We are moving to Spain soon and are looking within a 25 miles radius of Malaga. Can anyone tell me what areas have good, fast internet connection please? I know that alot of areas have little or non.


----------



## JeanP (Sep 11, 2010)

I am going on a fact finding trip to Malaga and Alicante, first Malaga and from what I have heard the internet speed is fairly decent, unless you close or in a rural area/in a town surrounded mainly by mountains. I could be wrong but from what I have read Malaga is decent.


----------



## dunmovin (Dec 19, 2008)

In towns, it's generally not a problem, but in the countryside, unless the house has an existing phone Telefonica can be ..... well a better name for them is telefrustration...reticent about giving you a line and despite what you might have been told, they are the only onnes who can install a line.
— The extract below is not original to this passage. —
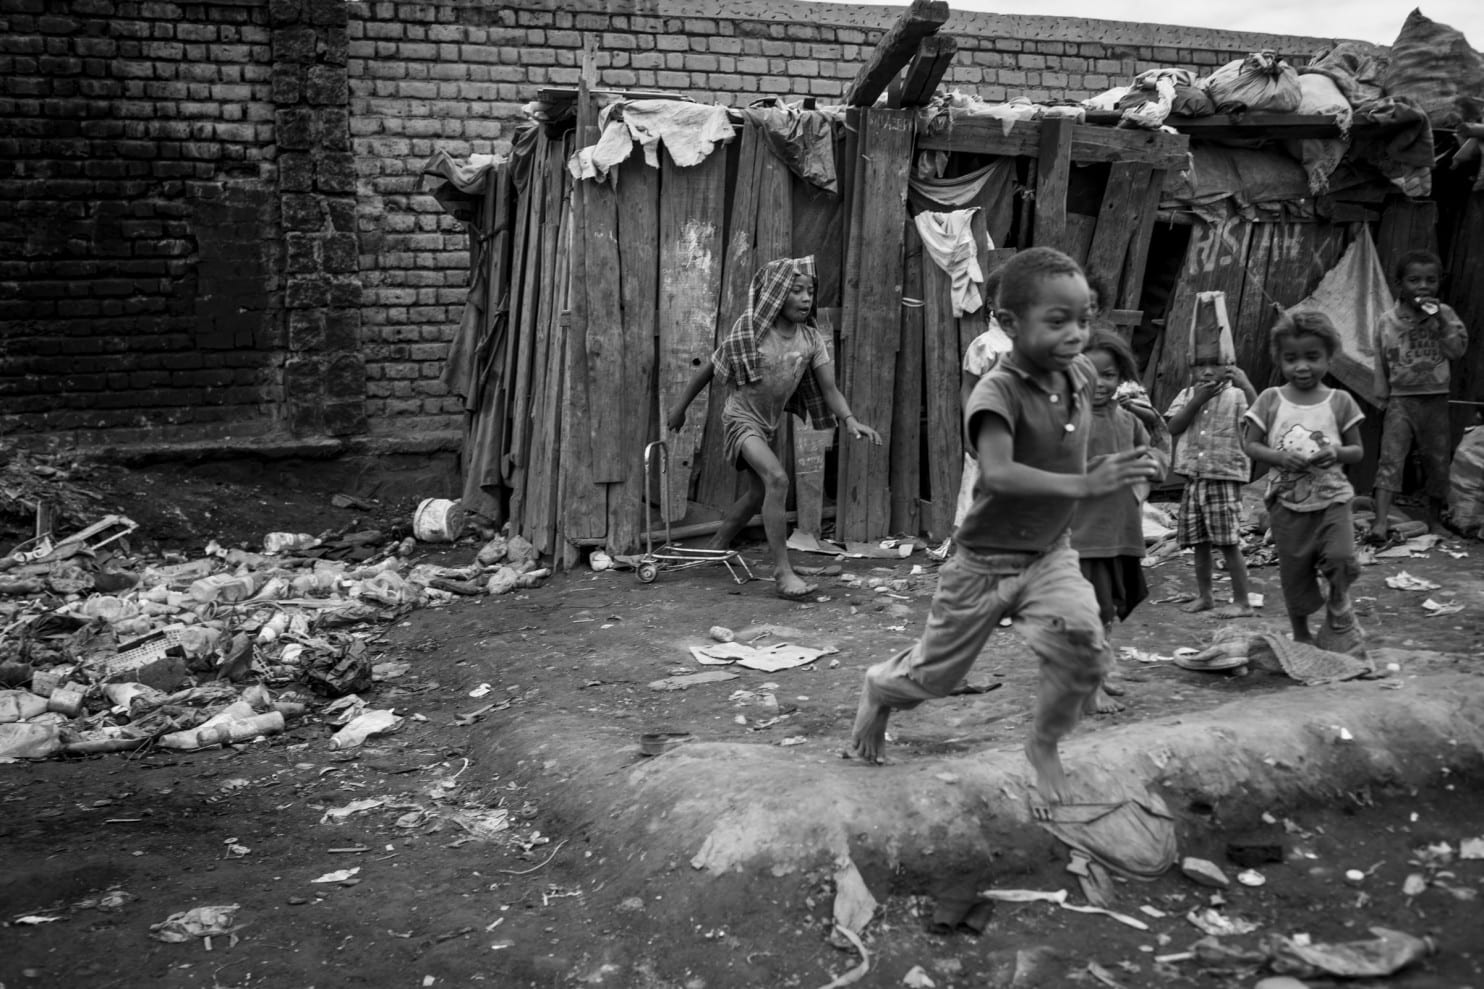 Slums in Antananarivo, the capital of Madagascar, where hygiene is very poor. The presence of rodents and fleas is rampant in the slums. (Christian Werner/Laif), Washington Post

It's pointless asking them if they will agree that they can do it then find excuses or delay for YEARS (this happened to myself and two other people Iknow) the other option is a mobile dongle which might give you up to 3mbs, but that is dependant on the network, their coverage and sometimes even the weather.


----------



## 90199 (Mar 21, 2010)

Some of the bars are now offering free wifi, before we connected by landline, we did our internet thingy in the bar with our laptop. I would give that a go first, buy a beer or whatever and talk to your Aunty Maude in Melbourne,

Hepa


----------



## Alcalaina (Aug 6, 2010)

Nearly all all towns in Andalucia with a population less than 10,000 have a "Guadalinfo" office which offers a free internet service. This is financed by the Junta de Andalucia and is intended to make the internet more widely available outside big cities. They are used by all ages, from schoolchildren to silver surfers.

You can get a list of centres here:

Guadalinfo

This should help you till you get your connection set up! Not as much fun as a bar or cafe, but it's free.


----------